In 2000 Anjo returned to professional wrestling to help out All Japan Pro Wrestling's rebuilding. He appeared as a partner to old foe Genichiro Tenryu, winning the World Tag Team Championship from Johnny Smith and Taiyo Kea. They retained the titles for a long times, including a double title match with AJPW All Asia Tag Team Champions Arashi and Koki Kitahara, against the teams of George Hines and Johnny Smith and Toshiaki Kawada and Nobutaka Araya, coming victorious after Anjo pinned Araya with a knee strike. After some weeks, Tenryu and Anjo finally lost the title to Keiji Mutoh and Taiyo Kea, dissolving the team.

After some single ventures and a failed team with Mitsuya Nagai, he quit All Japan and wandered again, joining Fighting World of Japan Pro Wrestling. He fought again alongside Tenryu, feuding with Takao Omori, and also teamed up with Ichiro Yaguchi to take part in the WMG Tag Team Championship tournament, but they were eliminated by Jinsei Shinzaki and Shiro Koshinaka.

===Hustle (2004–2009)===
After many months of inactivity, Anjo resurfaced in the sports entertainment promotion Hustle run by old comrade Takada. He debuted as Commander An Jo, Generalissimo Takada's right hand, wearing military uniforms and ornated eye masks.

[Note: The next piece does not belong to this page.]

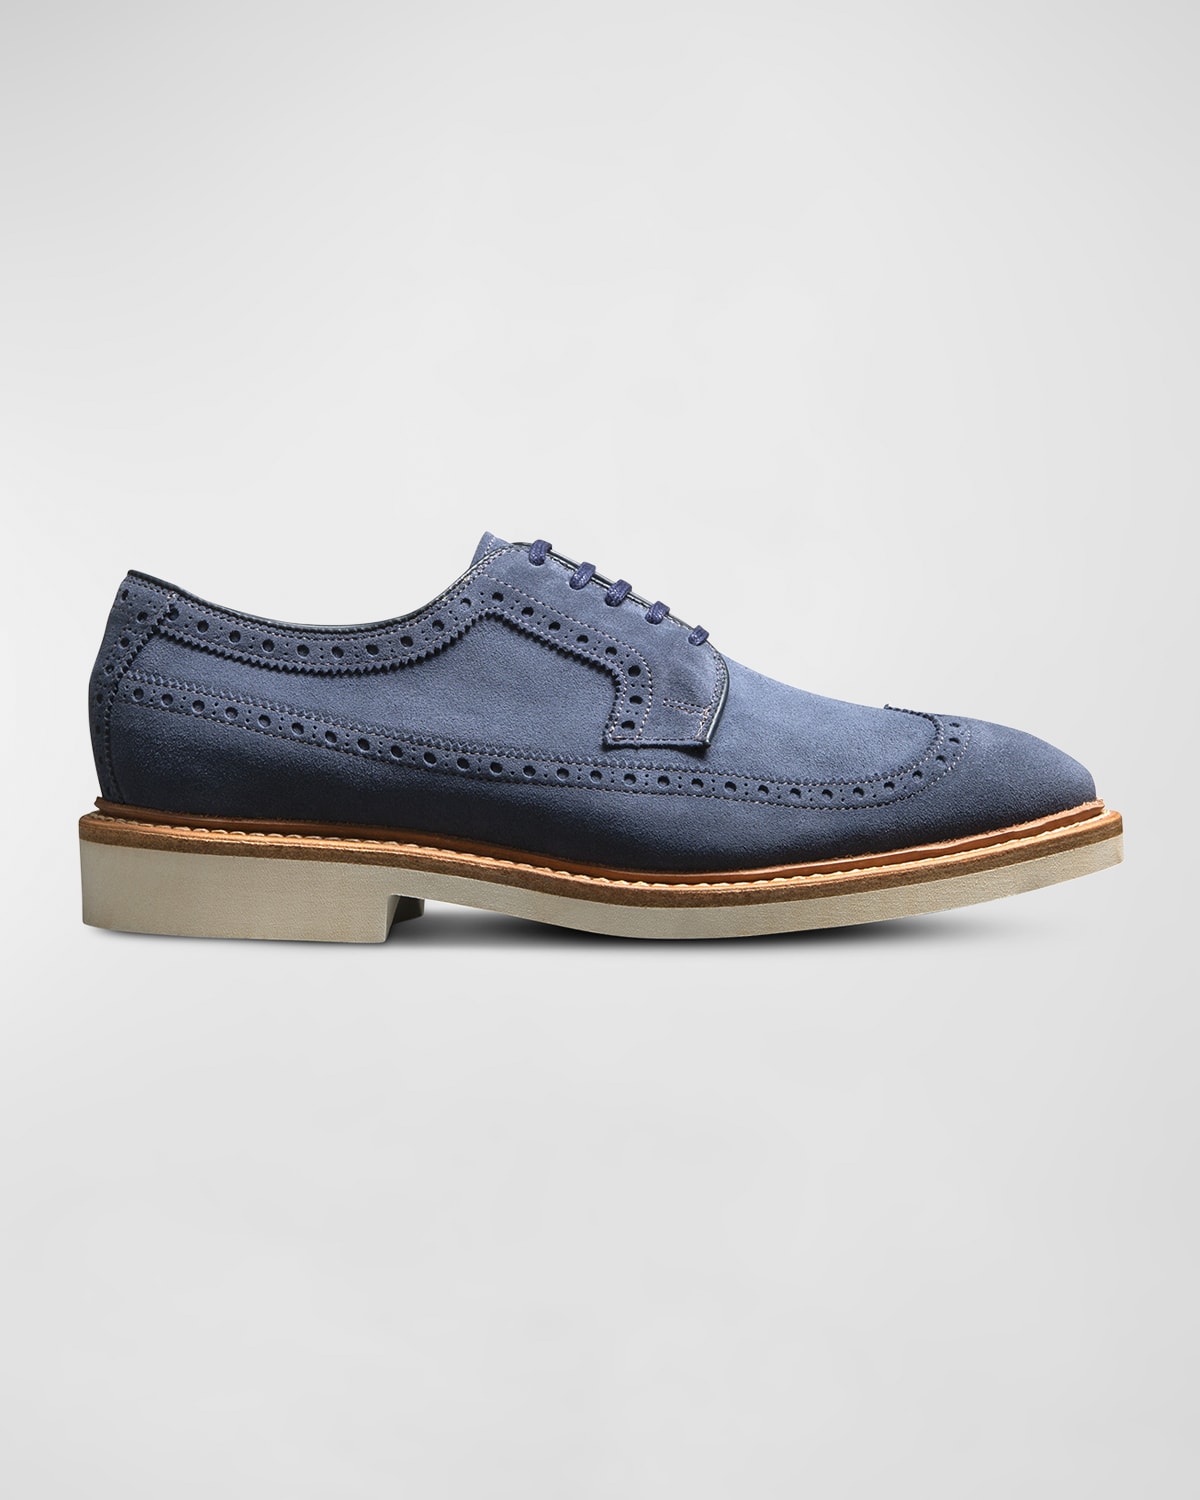 Brunello Cucinelli Men's Suede Wingtip Brogue Derby Shoes | Neiman Marcus

On March 19, 2015, Anjo retired from professional wrestling, putting on a small interpromotional card called Y.A. is Dead (a reference to his entrance song James Brown Is Dead by LA Style) where he reformed his "Golden Cups" stable with Takayama and Yamamoto, to take on former UWF and New Japan foes Masakatsu Funaki, Minoru Suzuki and Sanae Kikuta in a best-of-three-falls six-man match. Anjo was forced to submit by Funaki in two straight falls, but Anjo demanded the match go to a third fall and was pinned by Suzuki.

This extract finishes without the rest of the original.